REQUIRED ACTION:
Copy out exactly the lines from the one containing "kontinuerlig en rad" to the last line of the records below, both included, and leave out any pictures.

DATASET RECORDS:
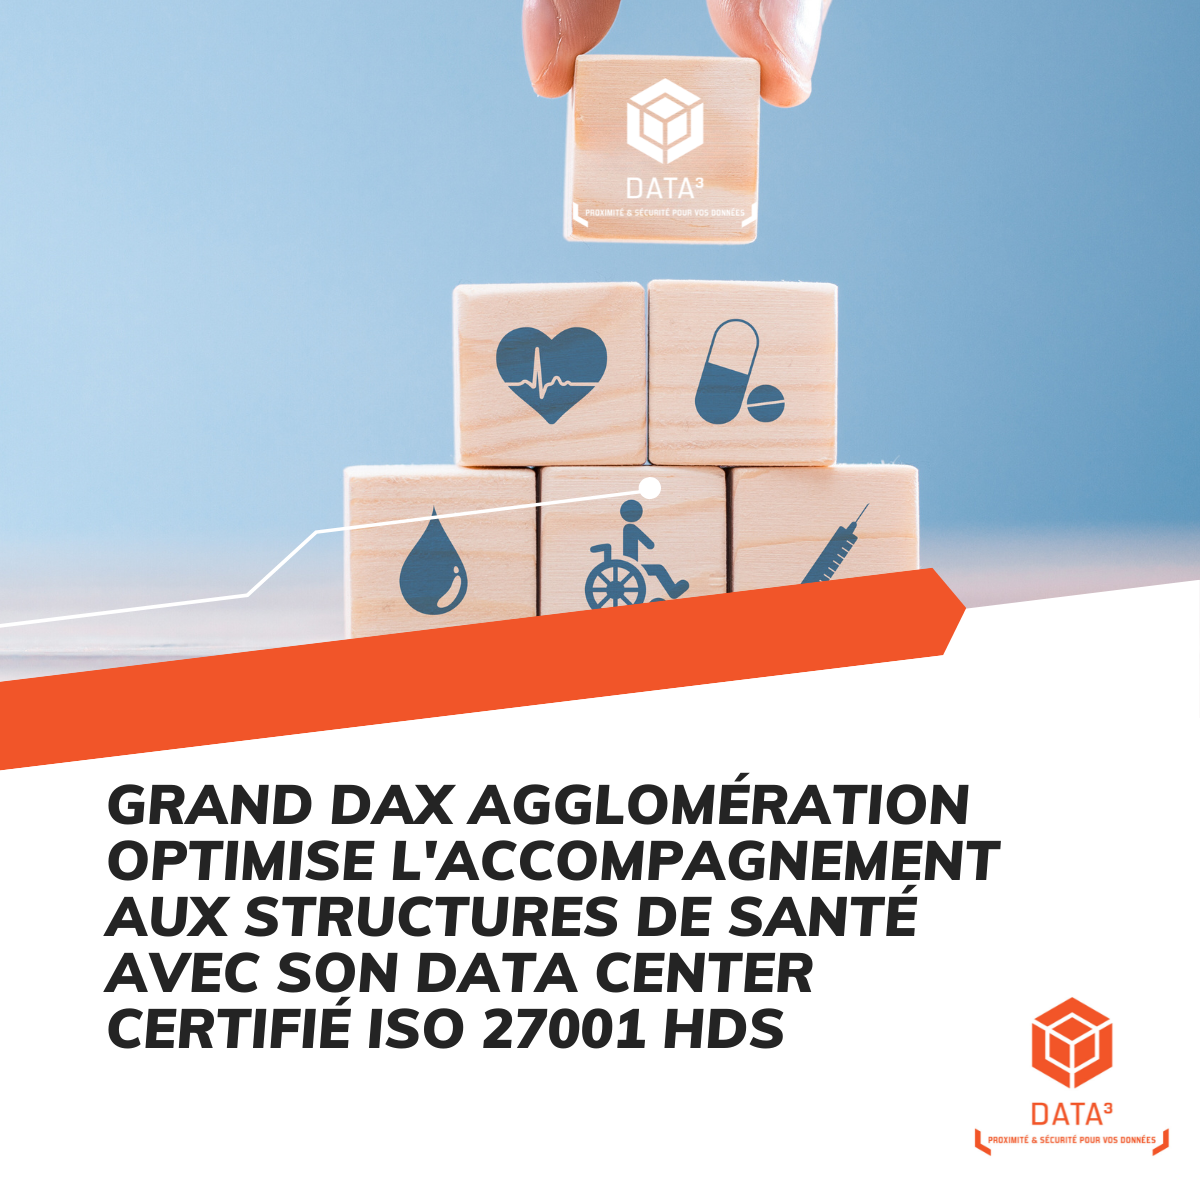 Grand dax agglomération optimise l'accompagnement aux structures de santé avec son data center certifié iso 27001 hds
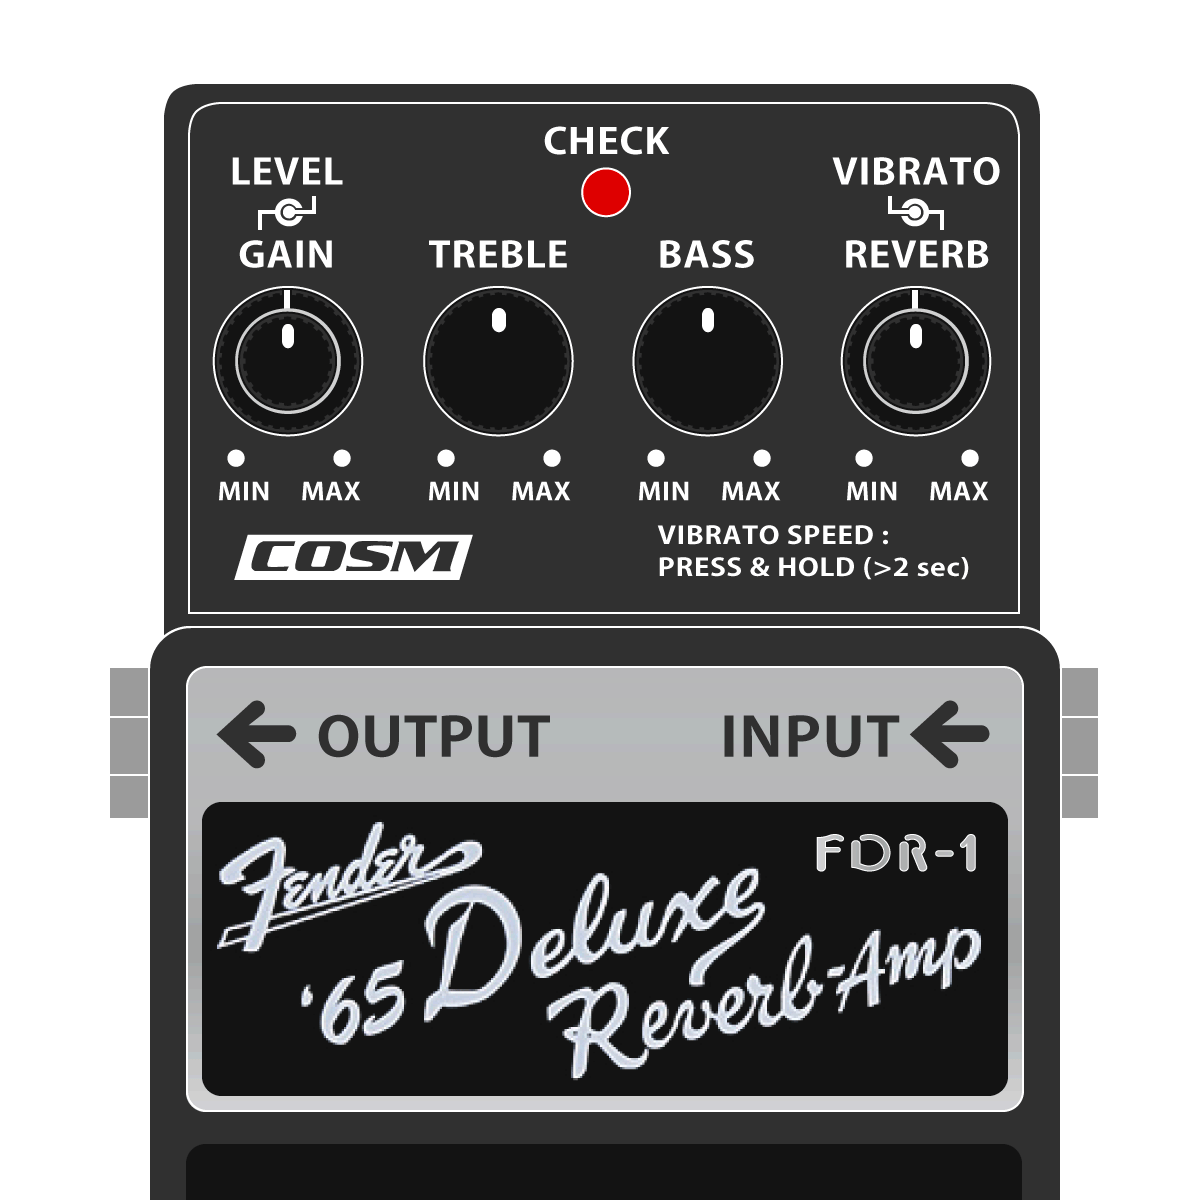 FDR-1 Fender '65 Deluxe Reverb Amp（BOSSレジェンドシリーズ
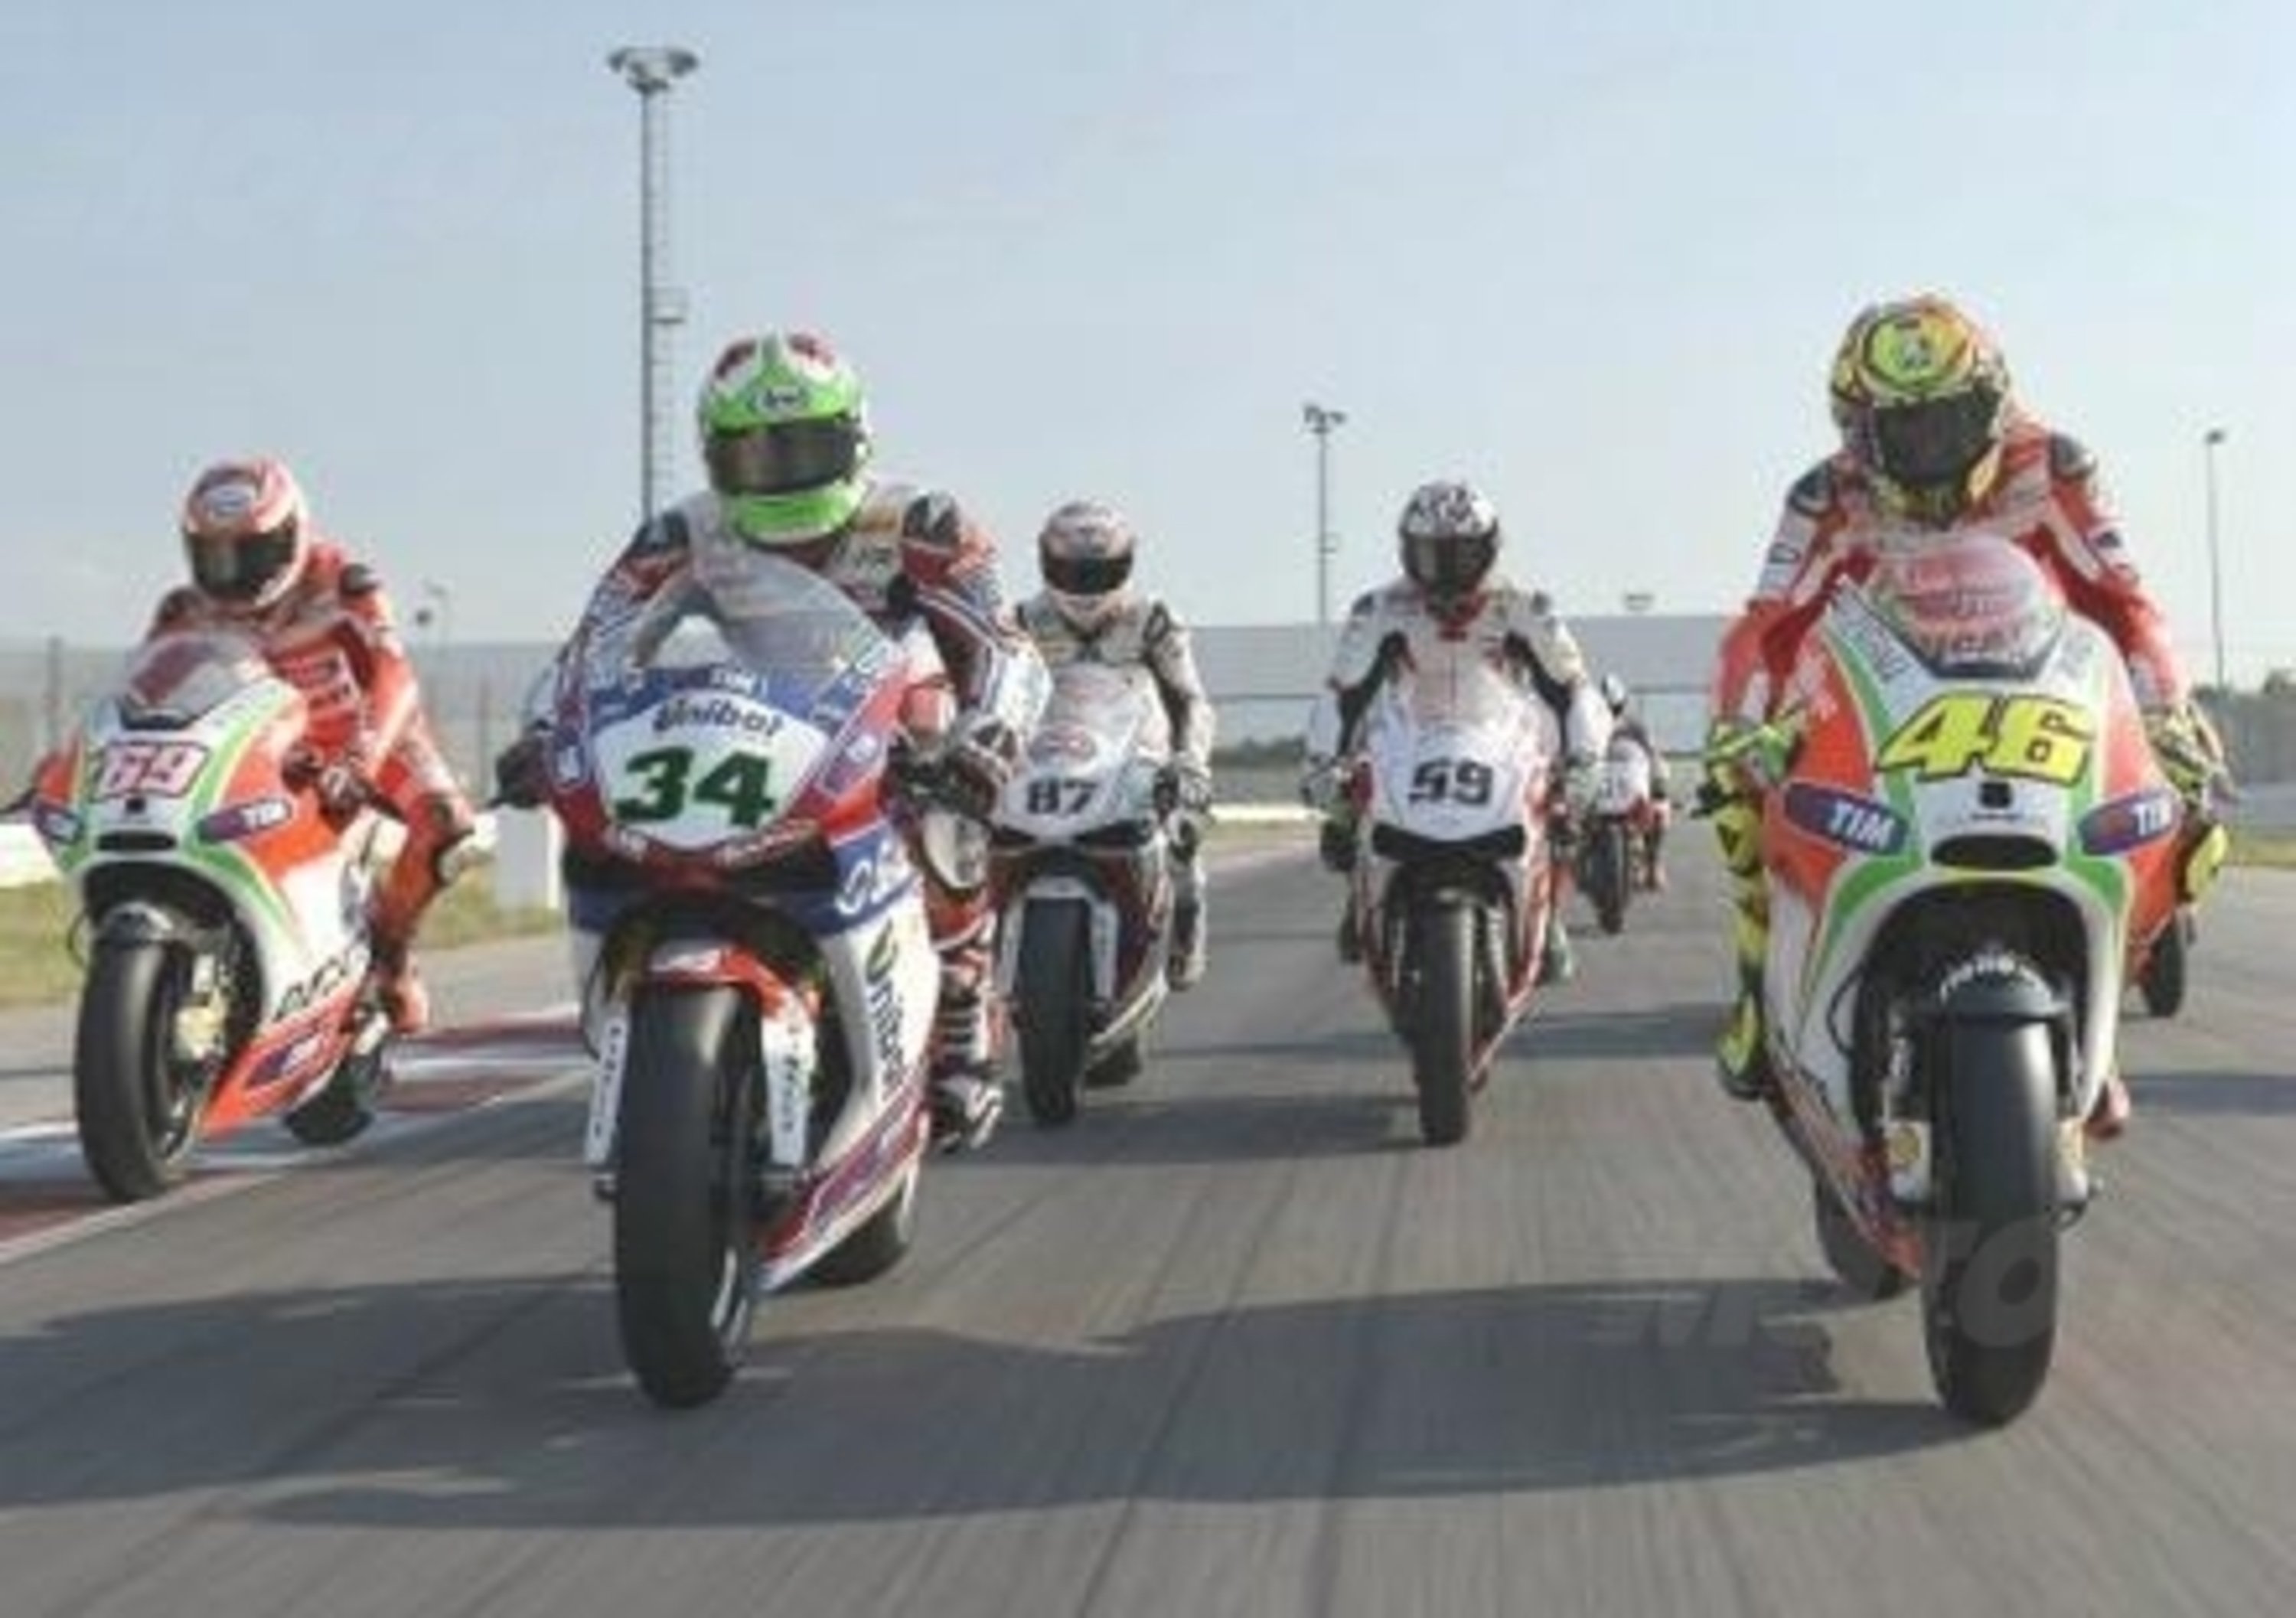 Dorna Sport gestir&agrave; anche la SBK oltre alla MotoGP
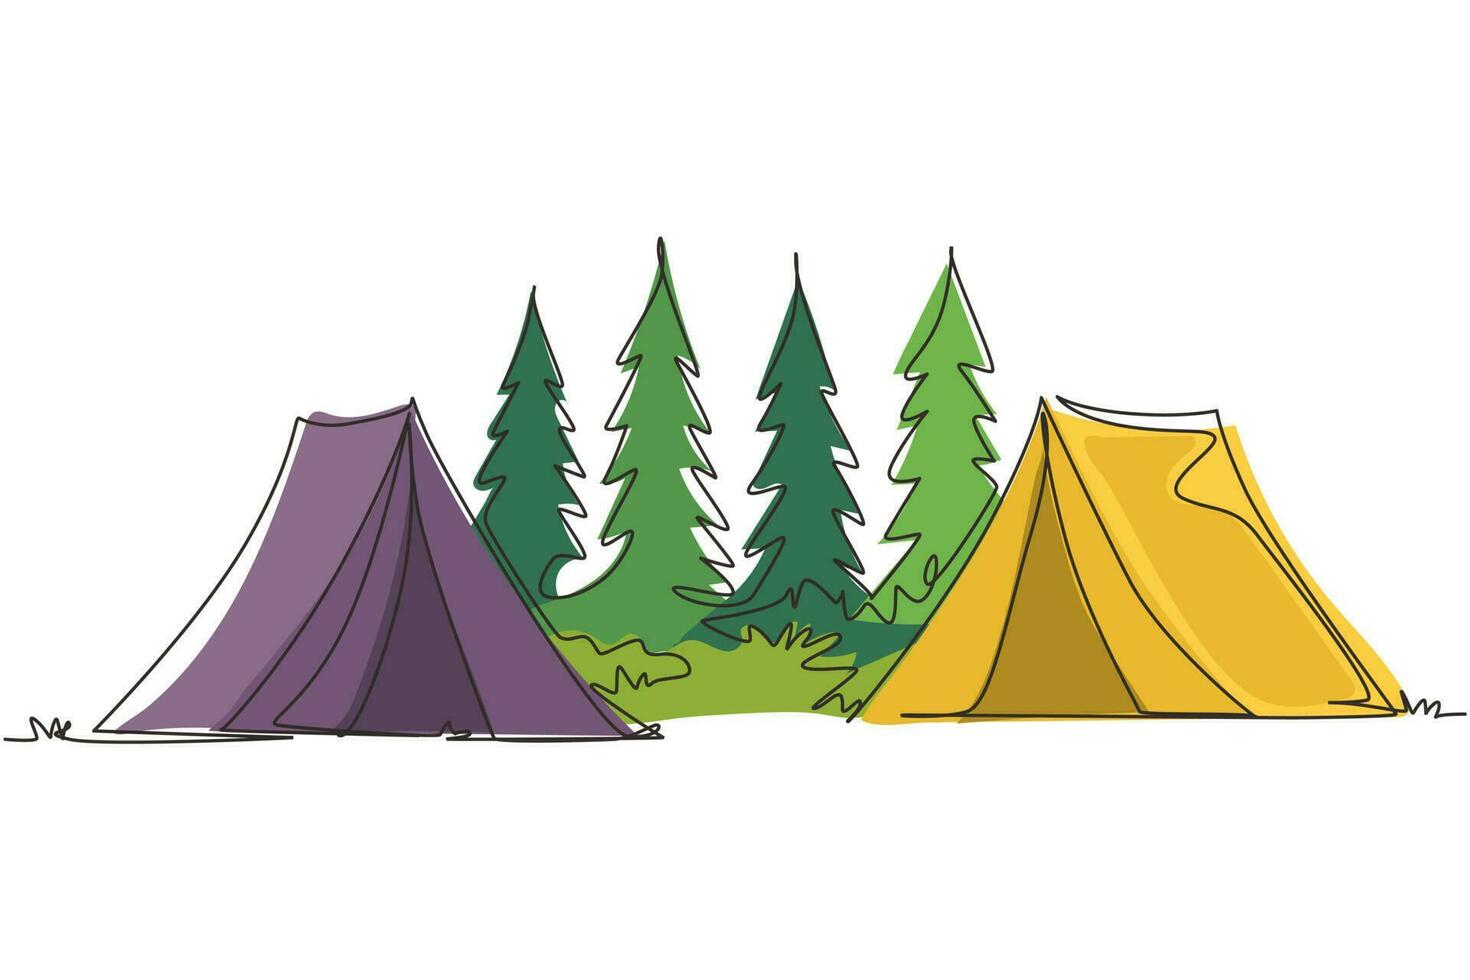 kontinuerlig en rad ritning två tält camping turist tallskog berg expedition. resor, äventyr, natur, expedition och semester koncept. enda rad rita design vektorgrafisk illustration vektor
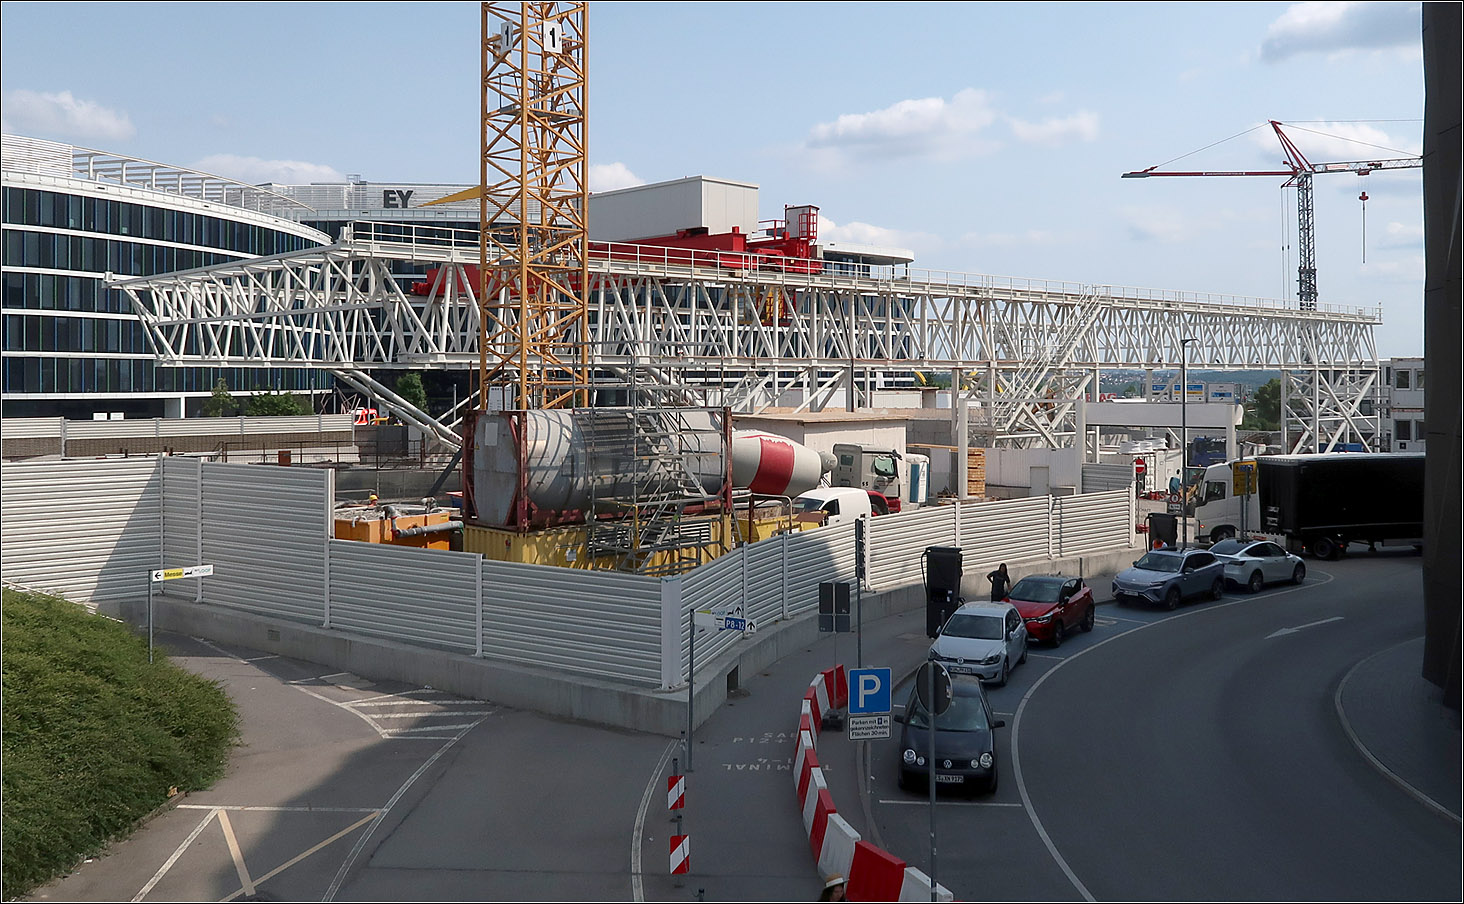 Am zukünftigen Ostausgang des Flughafenbahnhofes -

Der Ostausgang des Flughafenbahnhofes liegt in unmittelbarer Nähe des Stuttgart Airport Busterminal, wo die Fernbusse ankommen und abfahren.

Bei dem weißen Raumfachwerkkörper über der Baugrube handelt es sich um einen Laufkran und nicht etwa um die zukünftige Überdachung diese Ausganges.

10.06.2023 (M)

RESPONSE BOX:
 kontinuerlig en rad ritning två tält camping turist tallskog berg expedition. resor, äventyr, natur, expedition och semester koncept. enda rad rita design vektorgrafisk illustration vektor
 Am zukünftigen Ostausgang des Flughafenbahnhofes -

Der Ostausgang des Flughafenbahnhofes liegt in unmittelbarer Nähe des Stuttgart Airport Busterminal, wo die Fernbusse ankommen und abfahren.

Bei dem weißen Raumfachwerkkörper über der Baugrube handelt es sich um einen Laufkran und nicht etwa um die zukünftige Überdachung diese Ausganges.

10.06.2023 (M)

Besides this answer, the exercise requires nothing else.